## Your task
For this exercise, an exact copy is needed of only the lines from the one containing "Landscape Throw Pillow" through the end of the data, with pictures left out.

## Data extract

┌──

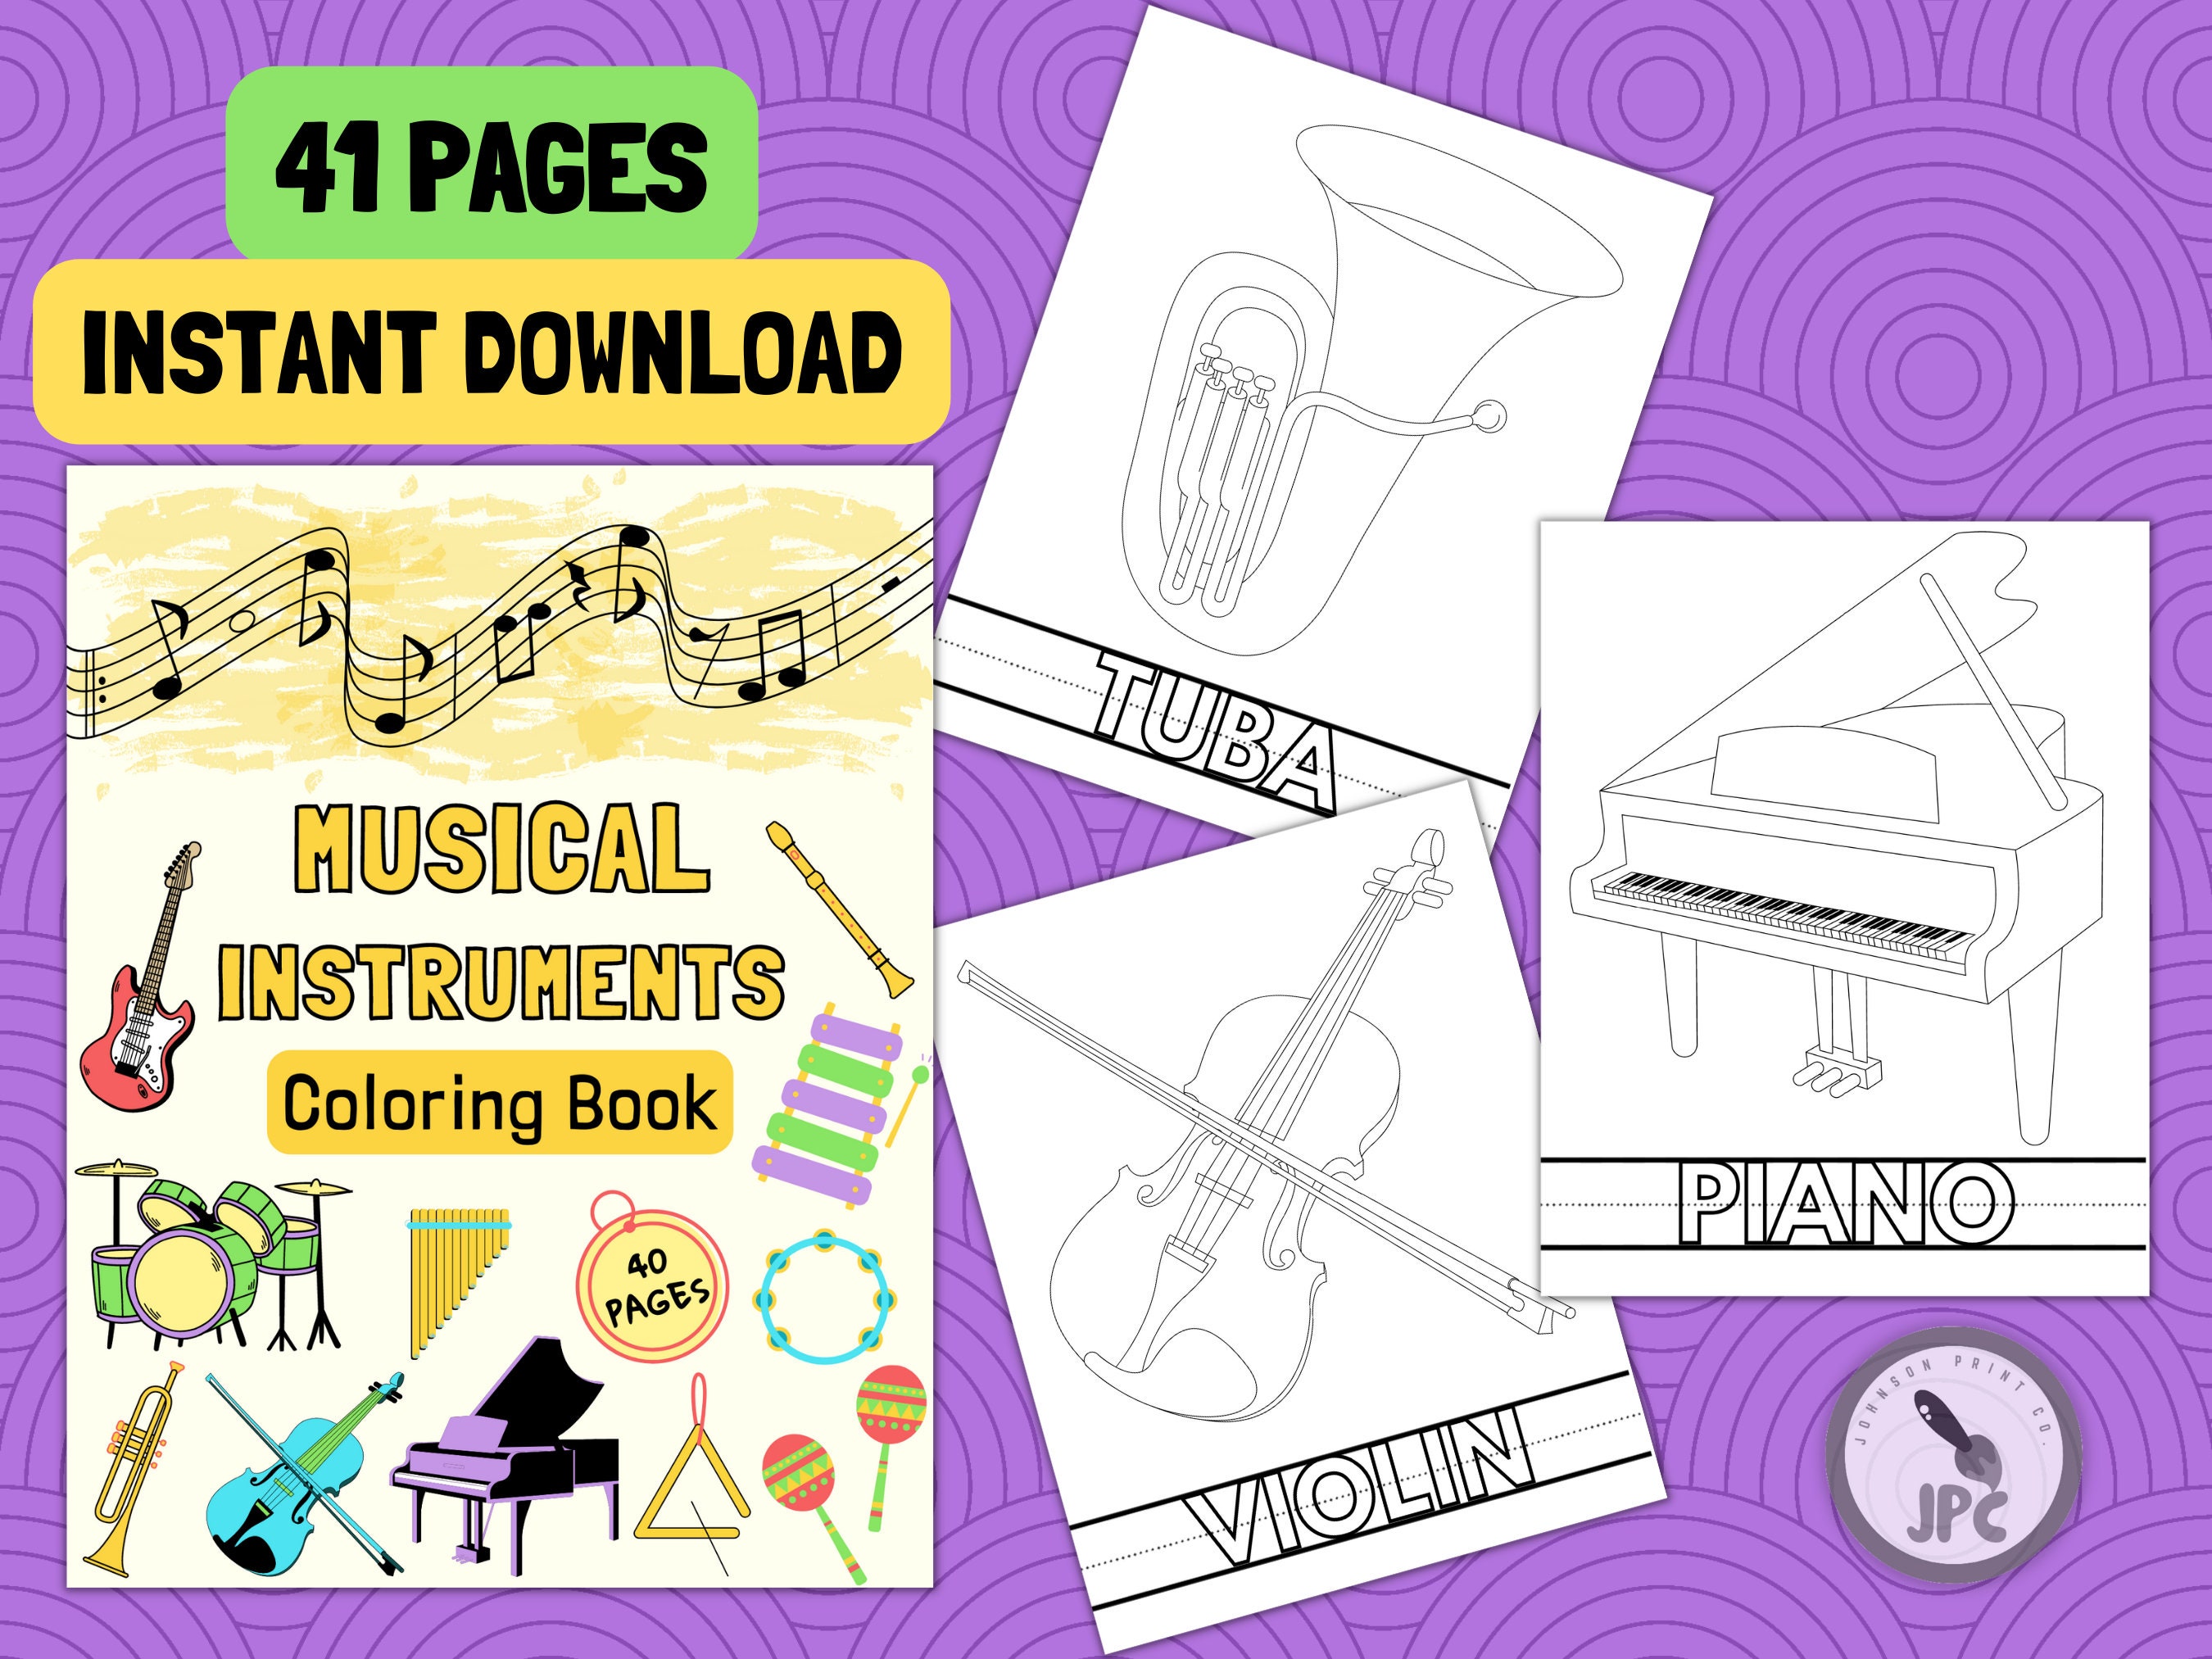 Musical Cabin Fever Colouring Ebook coloring Books/coloring Pages/adult  Coloring Books/coloring Books for Adults, Relaxing/gifts/music Art 
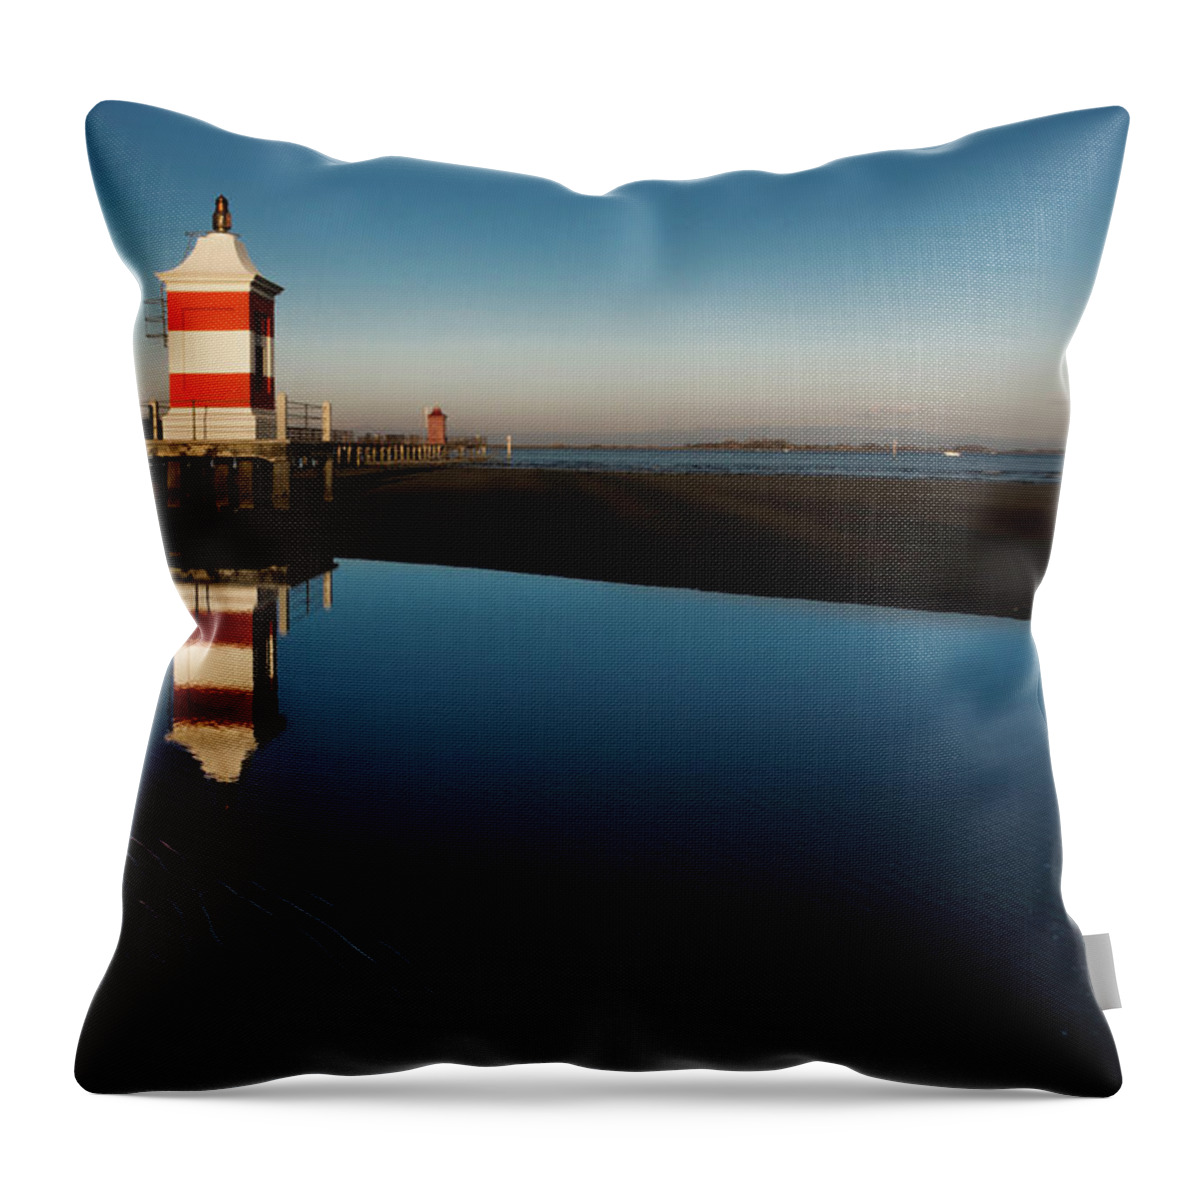 Landscape Throw Pillow featuring the photograph Lignano Lighthouse by Wolfgang Stocker
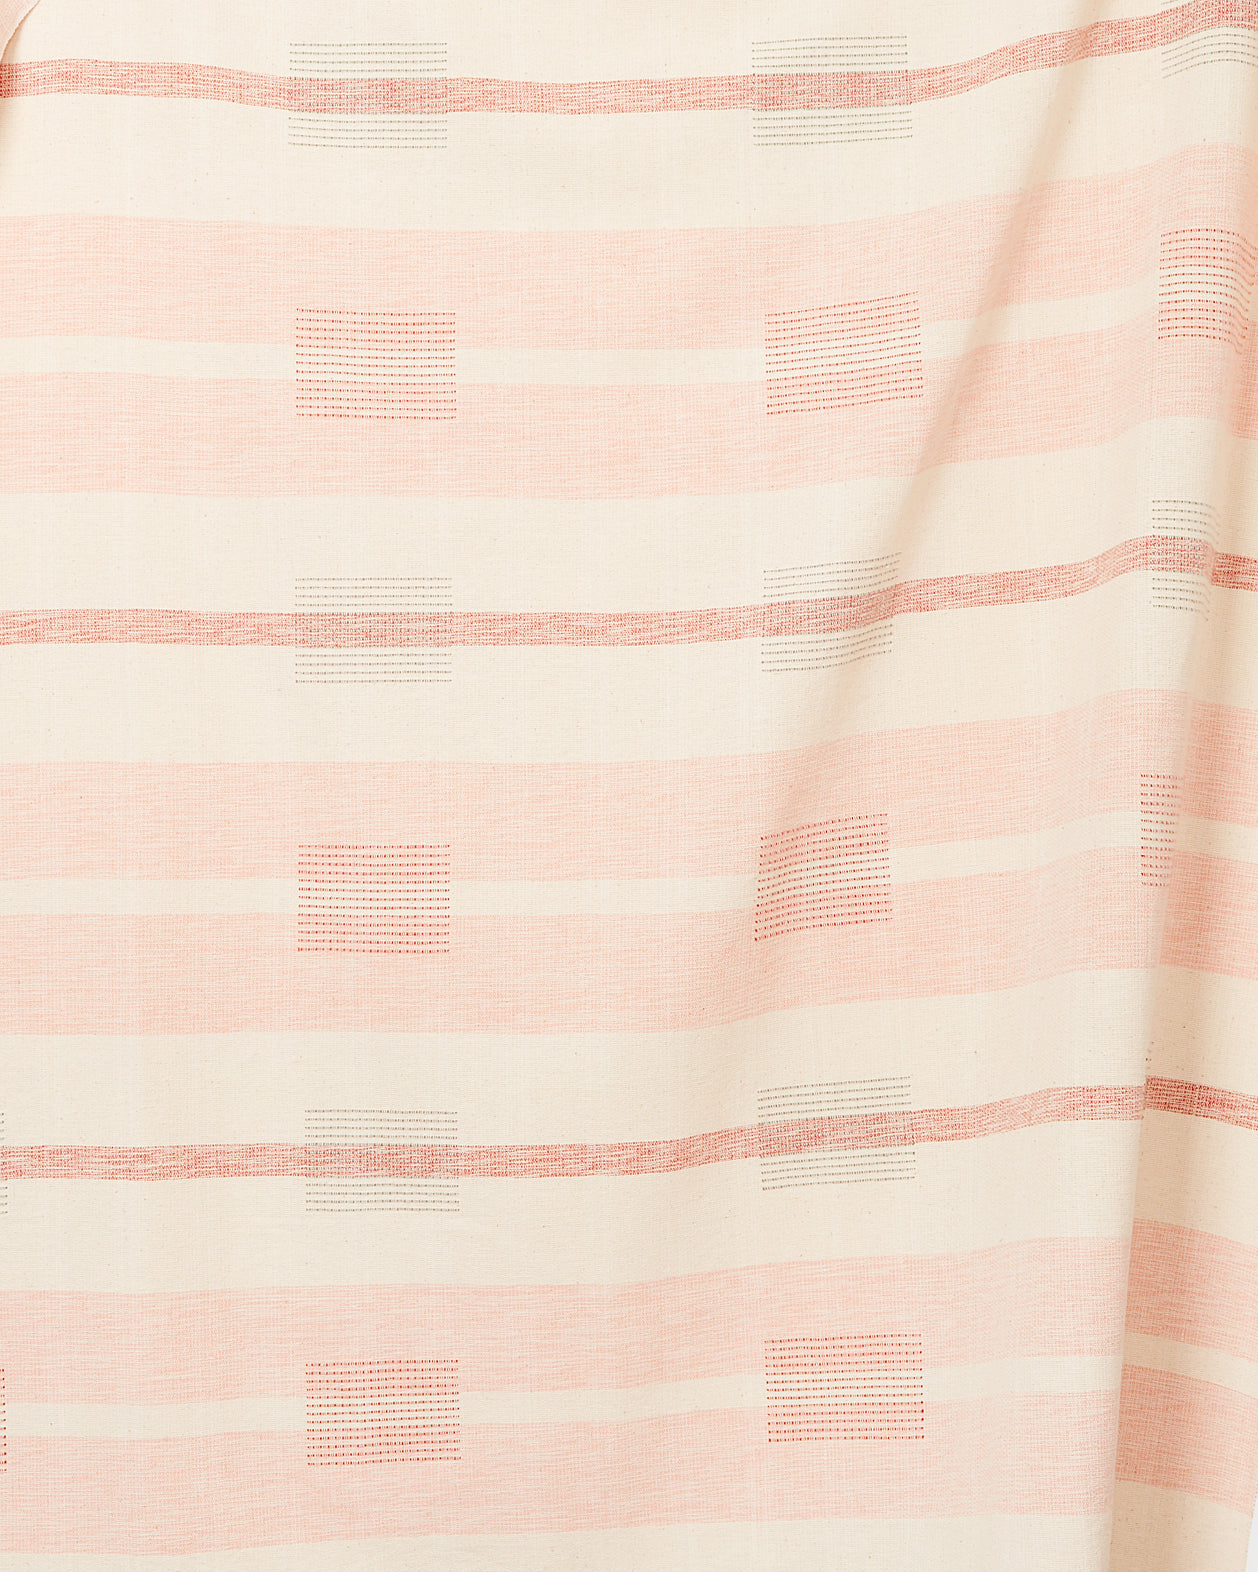 ethically handwoven oeko-tex certified cotton fabric yardage by MINNA, peach and red blocks stripes pattern
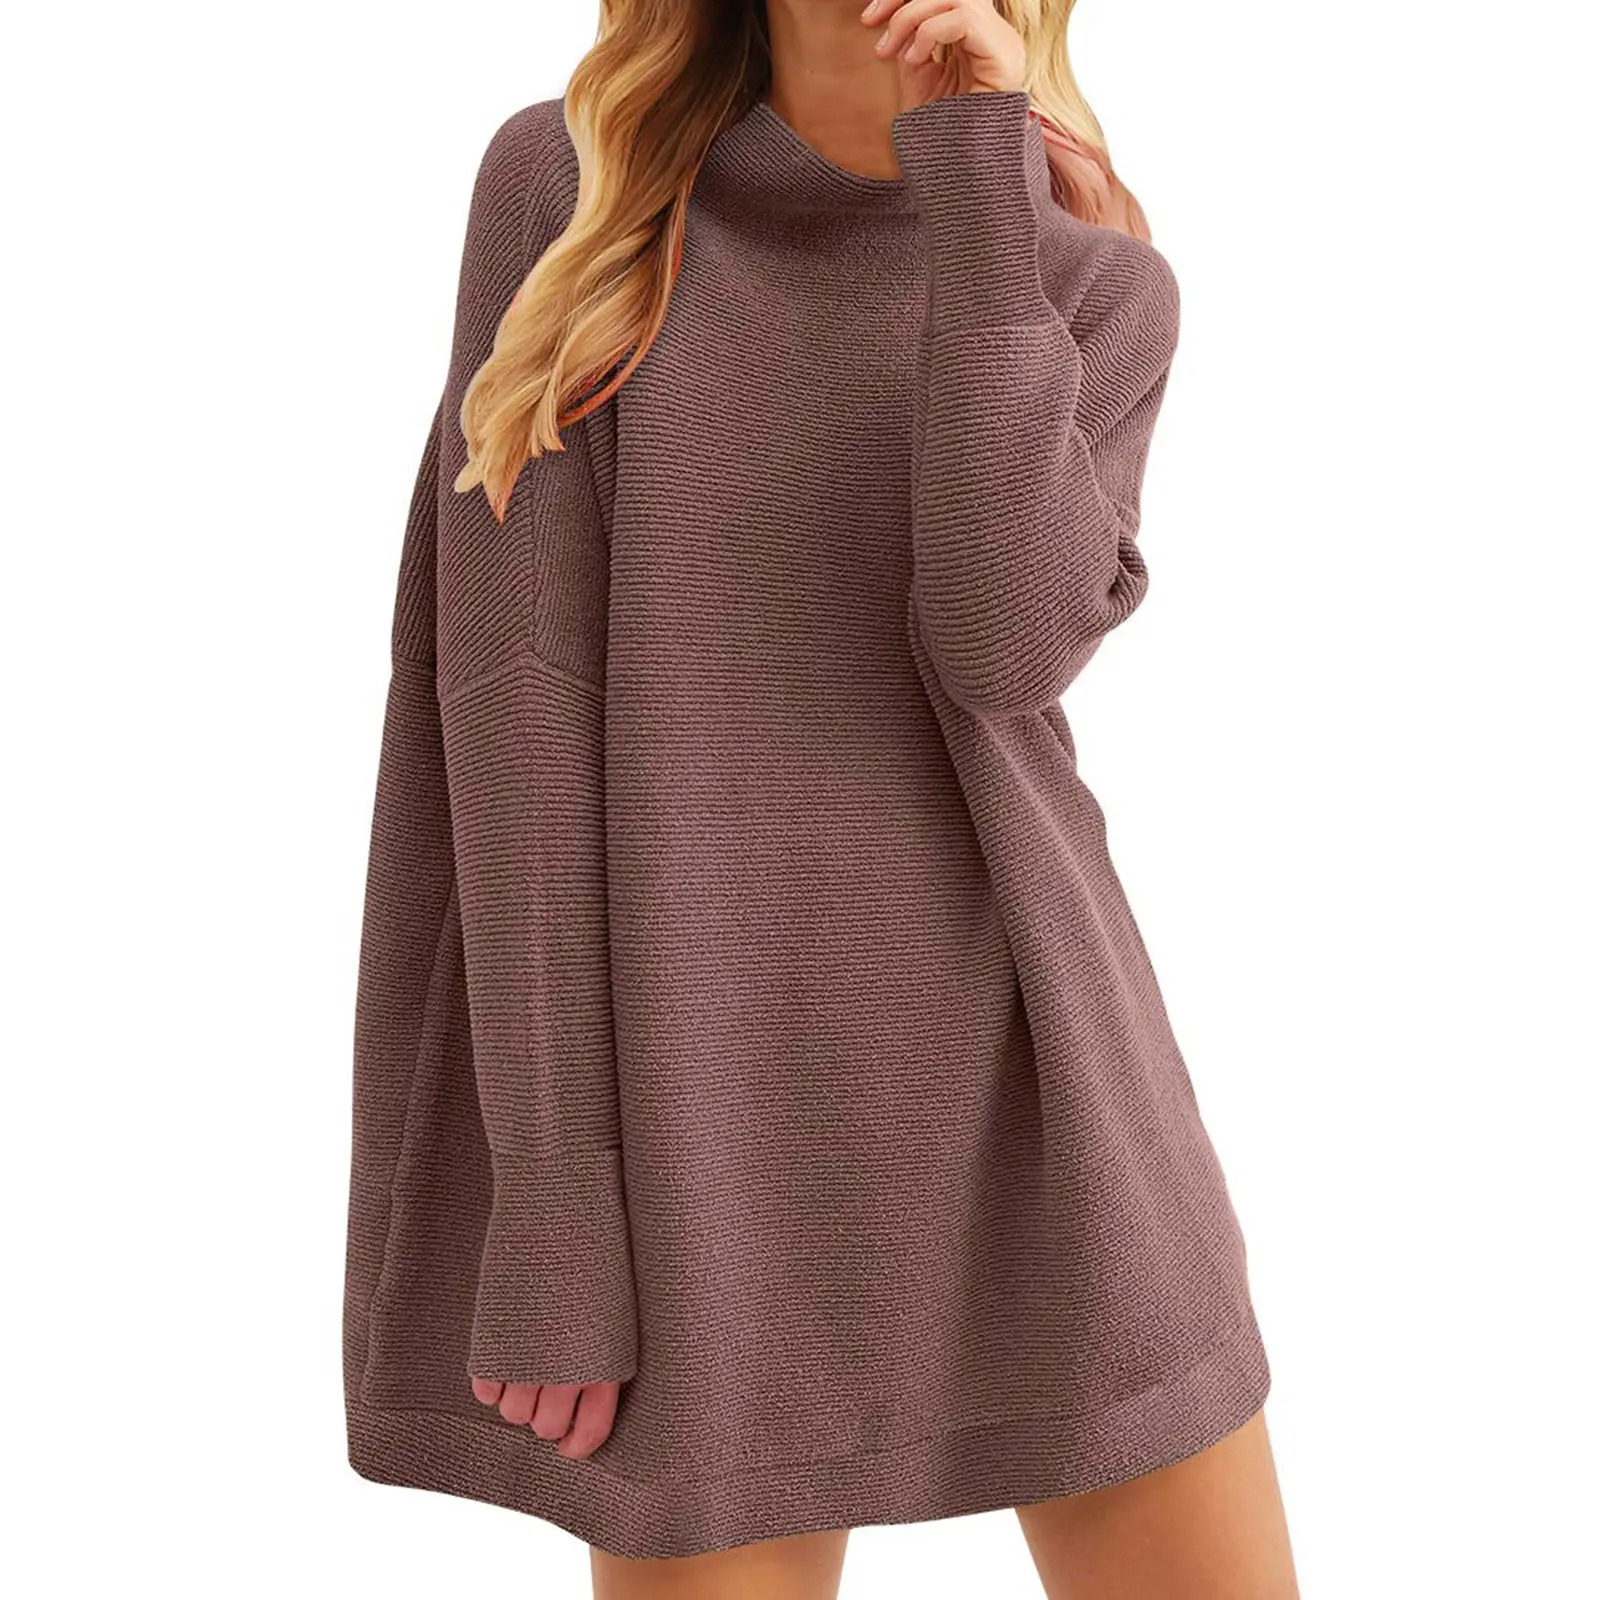 Turtleneck Batwing Sleeve Oversized Ribbed Knit Dress Loose Casual Women's Sweaters Pullover

└──

## Answer to the exercise
 Landscape Throw Pillow featuring the photograph Lignano Lighthouse by Wolfgang Stocker
 ethically handwoven oeko-tex certified cotton fabric yardage by MINNA, peach and red blocks stripes pattern
 Turtleneck Batwing Sleeve Oversized Ribbed Knit Dress Loose Casual Women's Sweaters Pullover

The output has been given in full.